Тит, как видим, написал обращение к богам в форме изящных греческих дистихов и без ложной скромности именовал себя «великим Энеадом» и «божественным Титом».

* * *

Эффектное театральное представление, разыгранное на Истмийском стадионе, было с начала до конца придумано Титом. Он даже выдержал бой с римскими уполномоченными, которые присланы были для того, чтобы утвердить мир. Не то чтобы они не хотели свободы эллинов. Напротив. Но они резонно говорили, что Греции угрожает царь Селевкидов Антиох. Можно ли в таких условиях обнажать важнейшие крепости, не значит ли это отдать страну в его руки? Поэтому они хотели временно удержать римские гарнизоны в Акрокоринфе, Деметриаде и Халкиде.
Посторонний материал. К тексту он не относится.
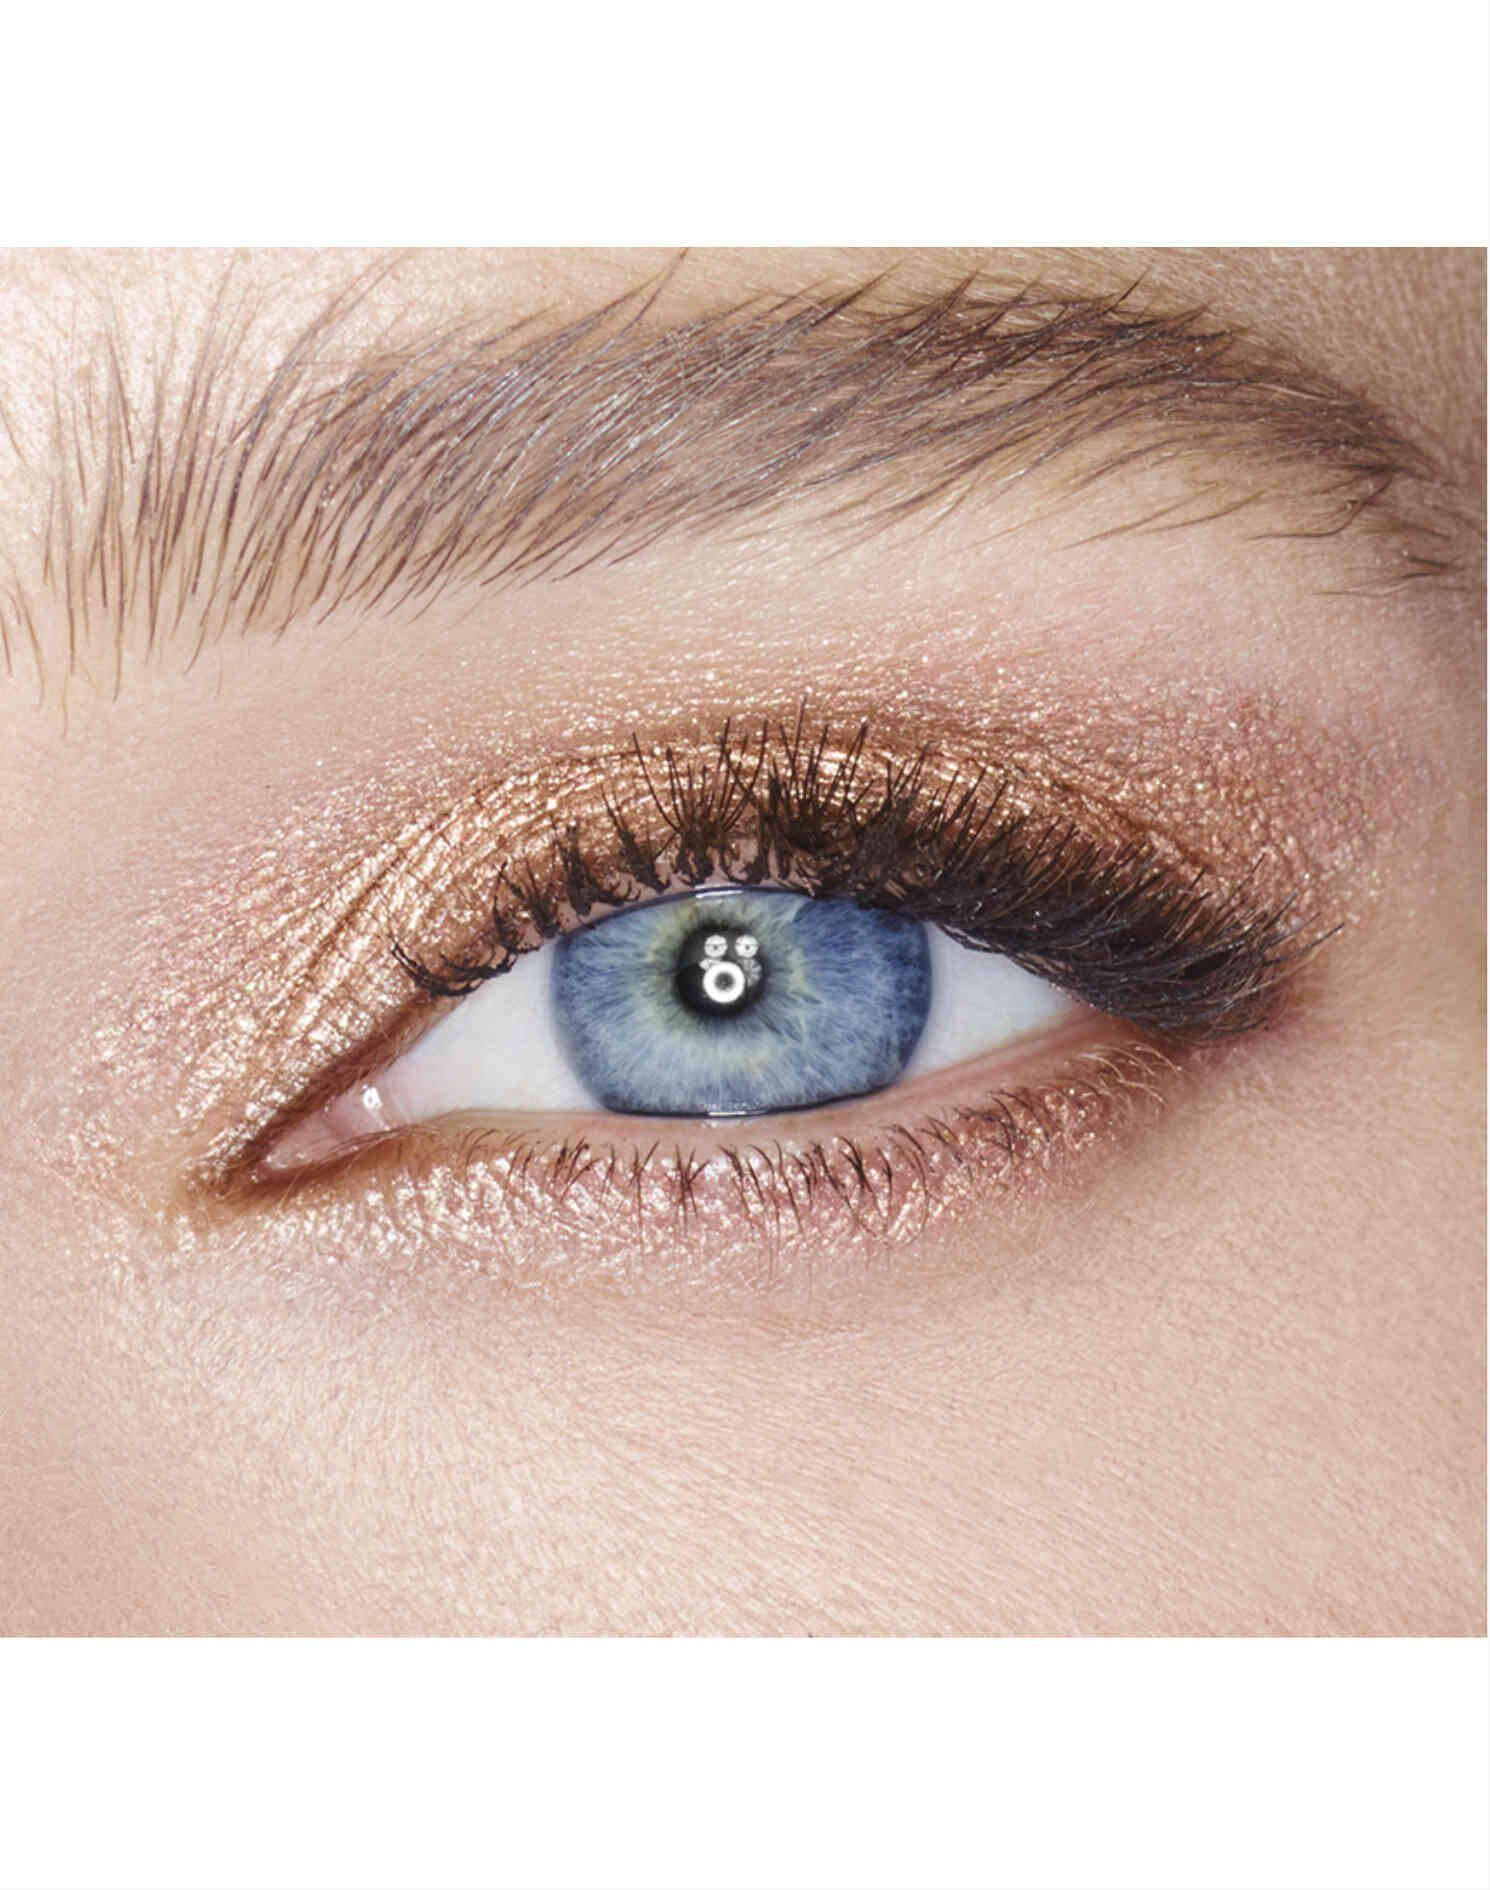 light shimmer eyeshadow pencil designed for blue eyes

Но Квинктий и слышать об этом не хотел.

Тит был удивительный человек. То был трезвый политик. Уж трезвее не придумаешь. Но как ни странно, голова его была полна самых романтических мечтаний и грез о свободе Эллады. Она была страной его мечты. Он обожал ее, если не с детства, то, во всяком случае, с ранней юности. Имя освободителя Эллады была ему дороже всего на свете (Plut. Flam. 12). Рядом с ним в его глазах меркла и казалась ничтожной слава победителя Македонии, сокрушившего неодолимую македонскую фалангу. Как страстно хотел он добиться командования в Греции! А потом готов был душу прозакладывать, только бы не уступить войну в Элладе соперникам. Как он боялся, что Грецию освободит его преемник! Нет, это должен был сделать он или никто. И Тит «в пространных речах и многообразными доводами» убеждал уполномоченных освободить не медля всю Грецию и доказать целому миру, что «римляне совершили этот поход не ради собственной корысти, но для освобождения эллинов» (Polyb. XVIII, 45, 8–9).
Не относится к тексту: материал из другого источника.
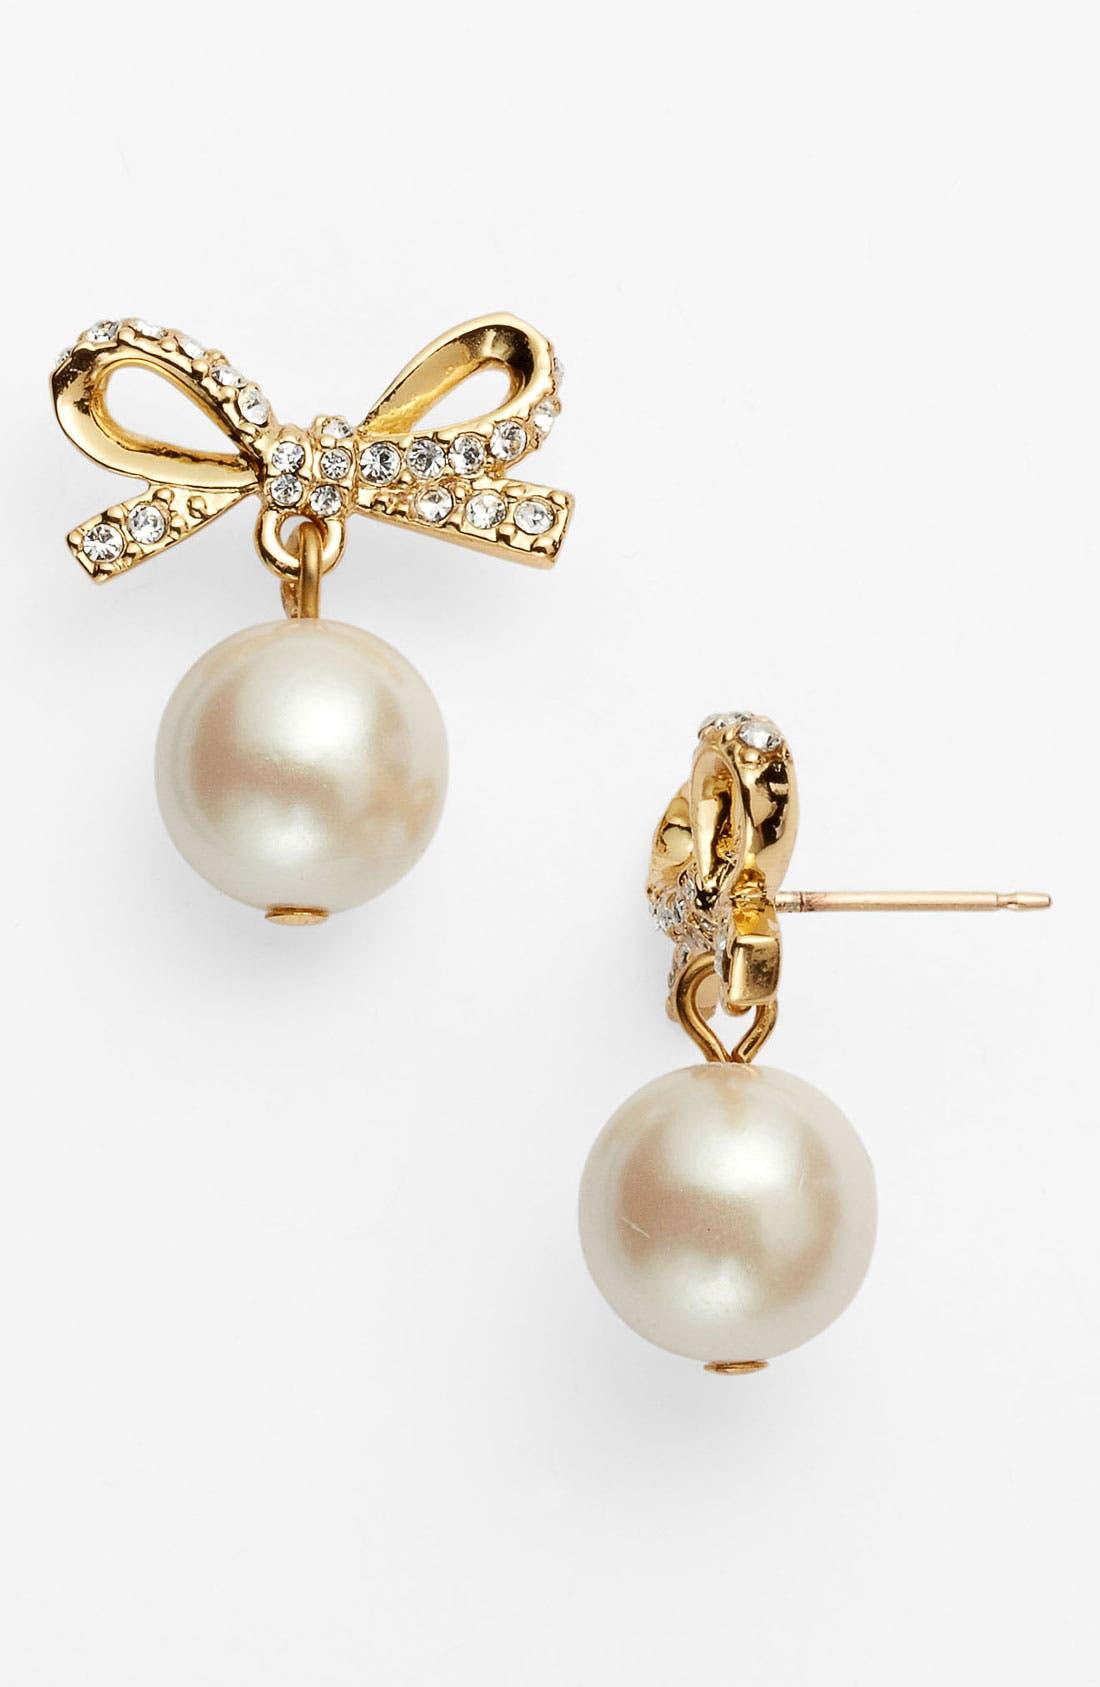 Main Image - kate spade new york 'skinny mini' bow drop earrings

Сейчас радость и восторг Тита были, пожалуй, не меньше, чем у эллинов, только выражались не так бурно. Он так вдохновенно, с такой гордостью говорил о великой миссии Рима — освобождать эллинов (Liv. XXXIV, 31). Он мечтал теперь о свободе и для малоазийских греков. Во время переговоров послы Антиоха заявили, что эллинские города Малой Азии — наследственная вотчина царя. Они имели неосторожность заметить, что честь и справедливость требует сохранить за ним эти владения. Тит немедленно подхватил:

— Если уж мы задумались о благородстве, а первому в мире народу и такому великому царю подобает думать только об этом или главным образом об этом, то что же благороднее: желать, чтобы все греческие города, где бы они не находились, были свободными или чтобы они стали рабами и данниками? Если Антиох считает подвигом… снова поработить их… римский народ считает делом своей чести и верности никогда не покидать взятой на себя защиты свободы греков… Ибо колонии выведены были в Эолиду и Ионию не для того, чтобы быть в рабстве у царей, а для распространения древнейшего народа по лицу земли [20] (Liv. XXXIV, 58).

Итак, все эллины, и азиатские и европейские, должны были быть свободными и жить по своим законам. Соответственно Филипп должен был вывести свои гарнизоны из захваченных им азиатских городов. Немедленно один из уполномоченных отправился в Баргилии, где некогда зимовал Филипп, и объявил им свободу; другой отправился на Фасос, некогда так вероломно захваченный Филиппом, к городам Фракии и Абидосу (Polyb. XVIII, 48).

* * *

Казалось, после Истмийских игр Тит мог бы вернуться домой. Но он не мог уехать, не искоренив «страшное зло, скрывавшееся в недрах Греции» (Liv. XXXIII, 44). Гнездилось это зло в Спарте.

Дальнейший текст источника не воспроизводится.